Anna M. Kearns, Marco Restani, Ildiko Szabo, Audun Schrøder-Nielsen, Jin Ah Kim, Hayley M. Richardson, John M. Marzluff, Robert C. Fleischer, Arild Johnsen, Kevin E. Omland

Abstract

Many species, including humans, have emerged via complex reticulate processes involving hybridisation. Under certain circumstances, hybridisation can cause distinct lineages to collapse into a single lineage with an admixed mosaic genome.

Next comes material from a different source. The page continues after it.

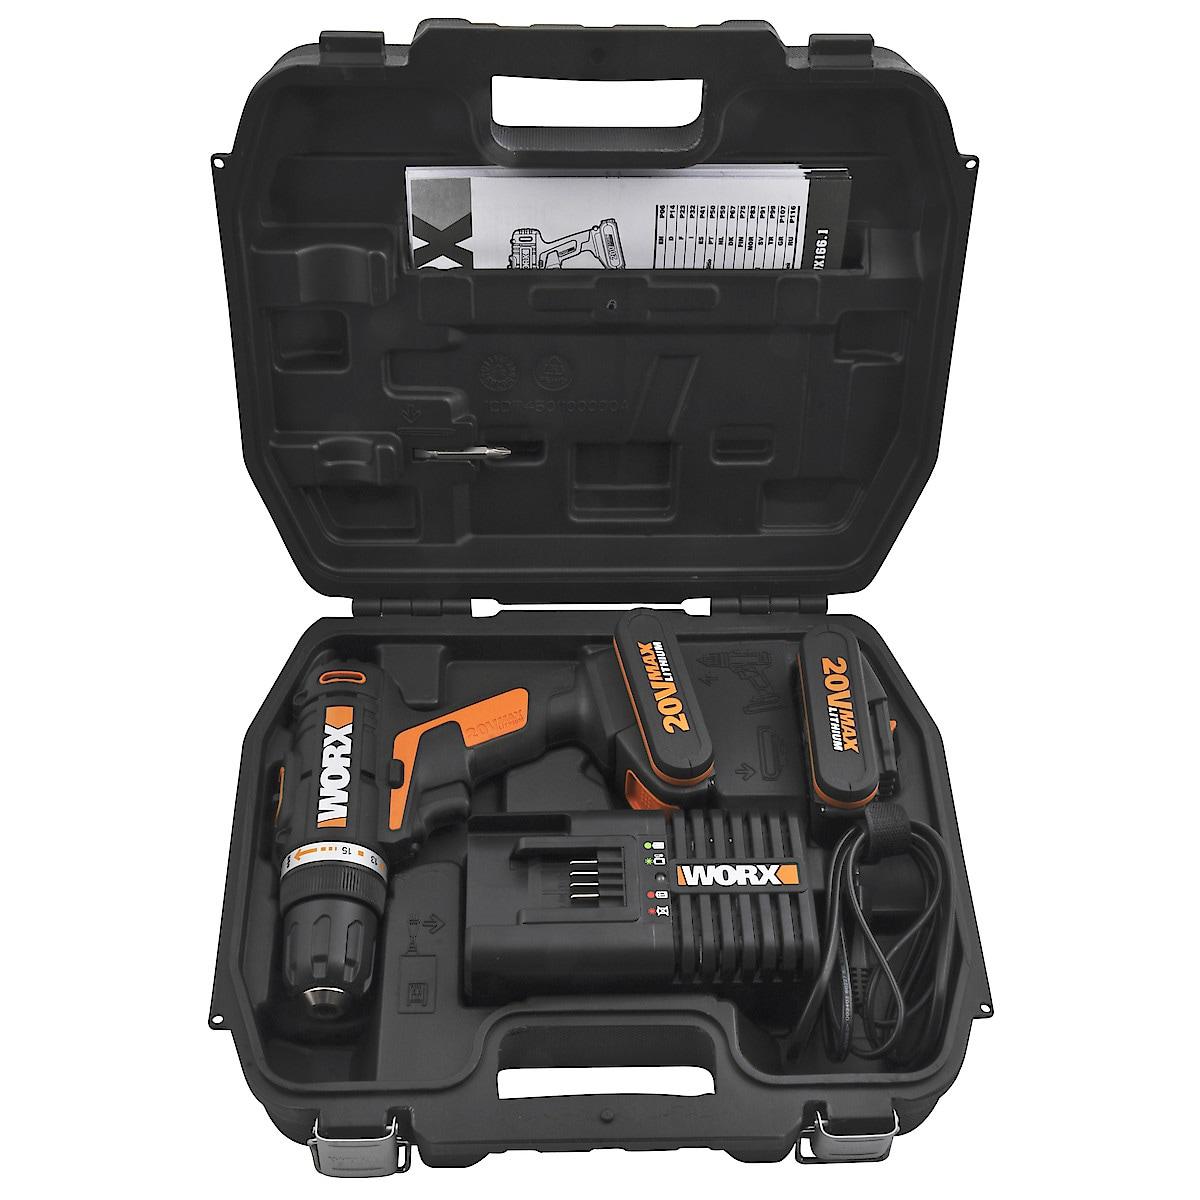 Worx WX166.3 drill

Most known cases of such 'speciation reversal' or 'lineage fusion' involve recently diverged lineages and anthropogenic perturbation. Here, we show that in western North America, Common Ravens (Corvus corax) have admixed mosaic genomes formed by the fusion of non-sister lineages ('California' and 'Holarctic') that diverged ~1.5 million years ago. Phylogenomic analyses and concordant patterns of geographic structuring in mtDNA, genome-wide SNPs and nuclear introns demonstrate long-term admixture and random interbreeding between the non-sister lineages. In contrast, our genomic data support reproductive isolation between Common Ravens and Chihuahuan Ravens (C. cryptoleucus) despite extensive geographic overlap and a sister relationship between Chihuahuan Ravens and the California lineage. These data suggest that the Common Raven genome was formed by secondary lineage fusion and most likely represents a case of ancient speciation reversal that occurred without anthropogenic causes.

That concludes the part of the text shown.